— Что ж, не общайся, не отвечай на мои звонки, отсеки меня, веди себя по-мудацки. Не важно. Только я ведь могу разрушить тебя, Ларри. У меня же на тебя финансовое досье имеется. Накопилось за долгие годы. Займы, долги и прочее. И это только на закуску. — Он останавливается. — Могу и разрушу.
Болджер крутится в кресле.
— Знаешь что, Пэдди? — говорит он. — А мне насрать. Делай что хочешь. Я меньше чем через час стану в этой стране главным, а этого у меня уже никто не отнимет. Мое имя войдет в список премьер-министров, а оттуда в учебники истории. Поэтому что бы там ни случилось после… скандалы, расследования, трибуналы… — Он пожимает плечами. — Мне насрать. В наши дни это уже стало в некотором роде в порядке вещей. Чем больше власти, тем больше скандалов. — Он делает паузу. — Так что… как хочешь. Увидимся, Пэдди. — Он кладет трубку. — Министр?

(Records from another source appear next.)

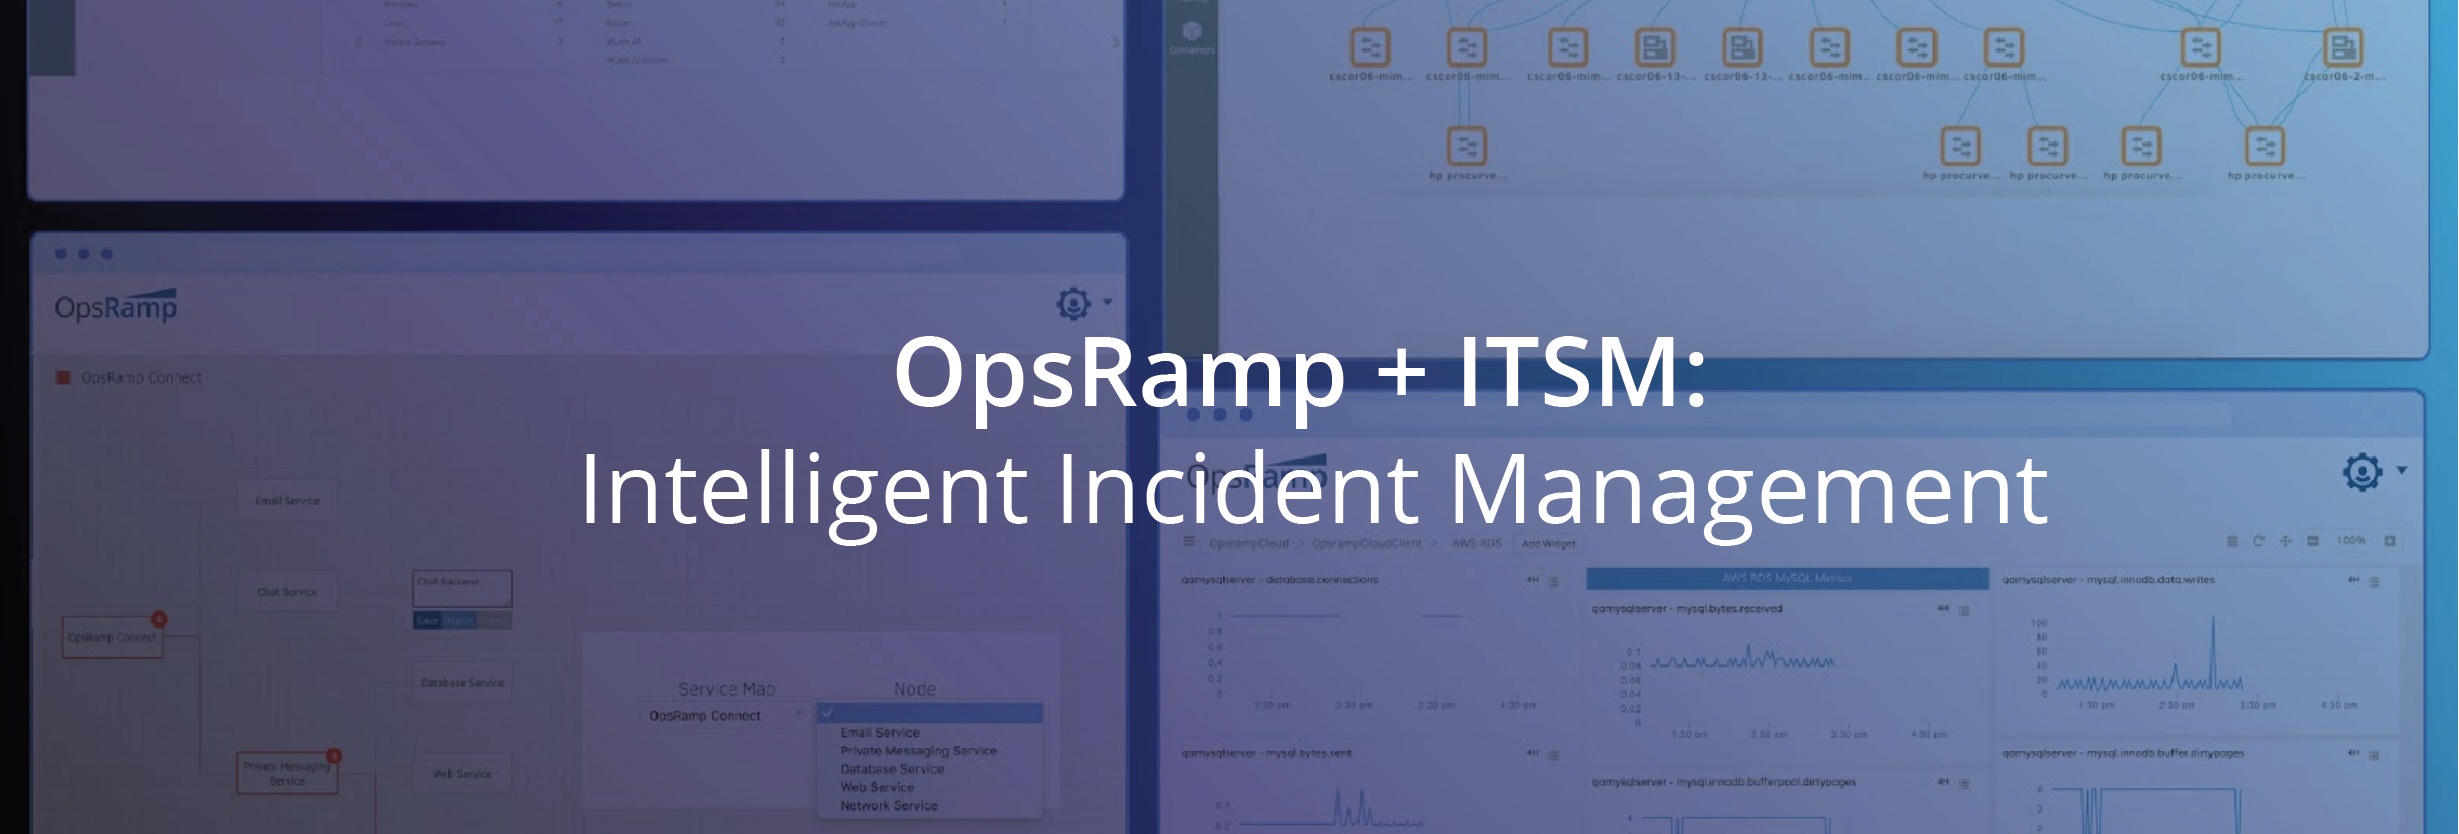 [On-Demand Webinar] OpsRamp + ITSM: Intelligent Incident Management For Superior Digital Performance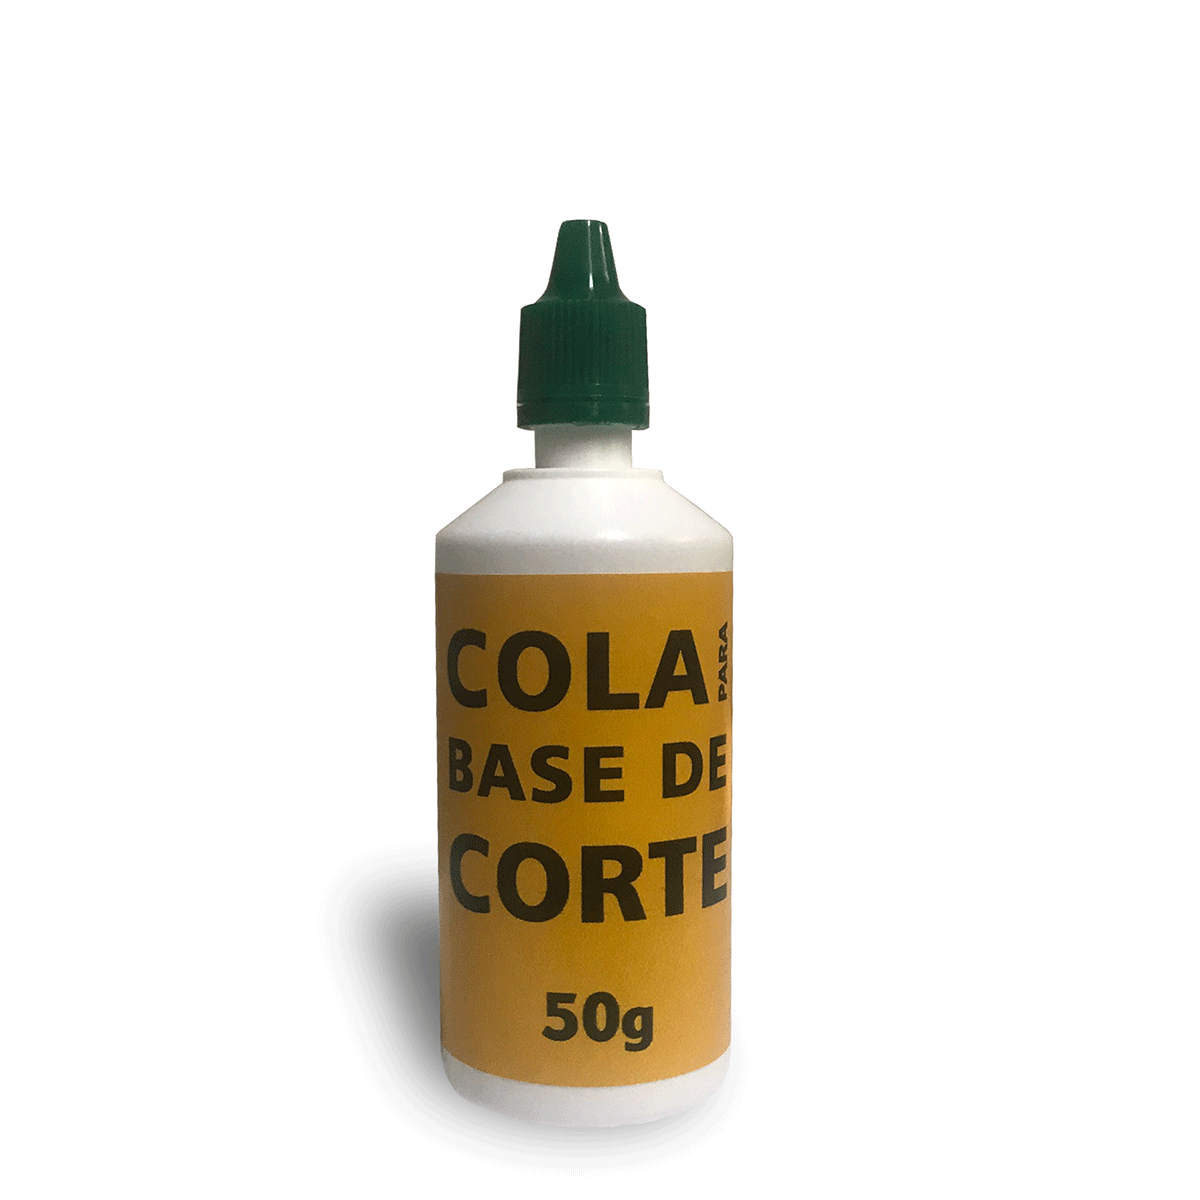 COLA PARA BASE DE CORTE 50g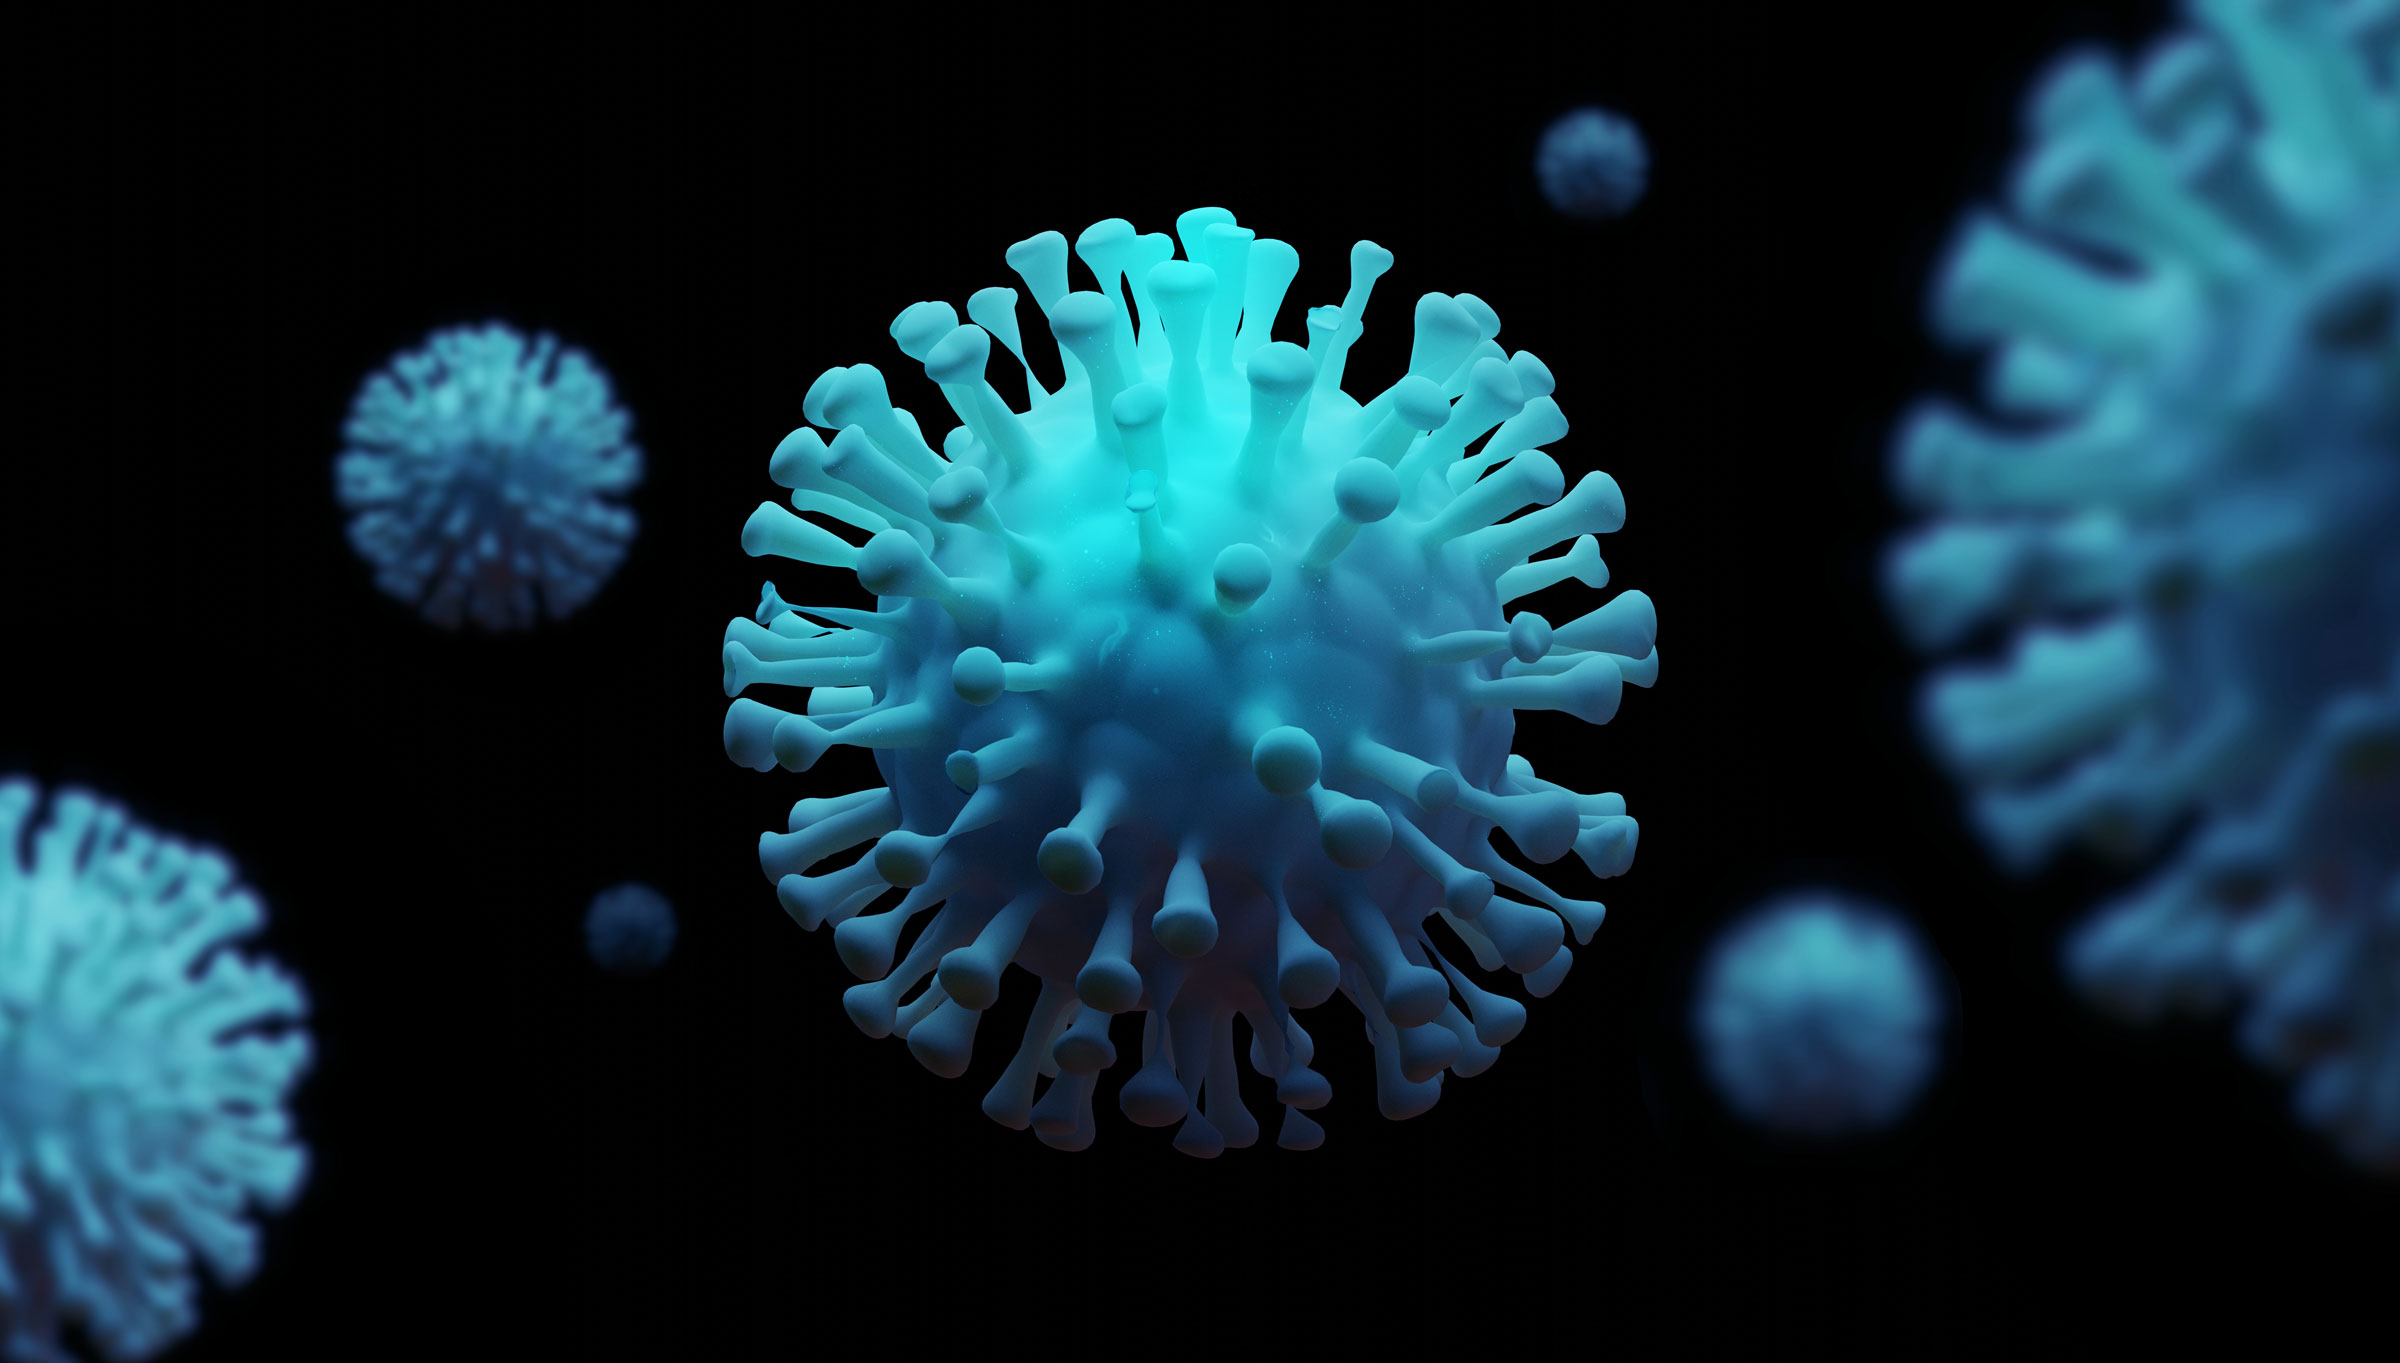 Coronavirus Image

Он поднимает глаза. Секретарь стоит в дверях, указывает на часы.
— М-да.
Болджер встает из-за стола. Немного встряхивается: приводит в форму костюм. Поправляет галстук. Откашливается.
— Спасибо, — произносит он. — Я иду.
И направляется к двери.
Часом позже в реанимационной палате больницы «Сент-Фелим» открывает глаза Марк Гриффин.
В голове пустота, которая сохраняется еще несколько секунд.
Потом… кровать.
«Я в кровати».
Он концентрируется.
В больнице… а это медсестра.
Она в изножье кровати, сосредоточенно заполняет медкарту.
Он смотрит на нее. Она поднимает глаза и вздрагивает.
— Ух ты! — восклицает она. — Марк!
Потом прикрепляет карту к краю кровати и подходит к нему сбоку.
Он следит за ней взглядом.
Она низко склоняется и светит ему в глаза маленьким фонариком. Сначала в левый, потом в правый. Отходит.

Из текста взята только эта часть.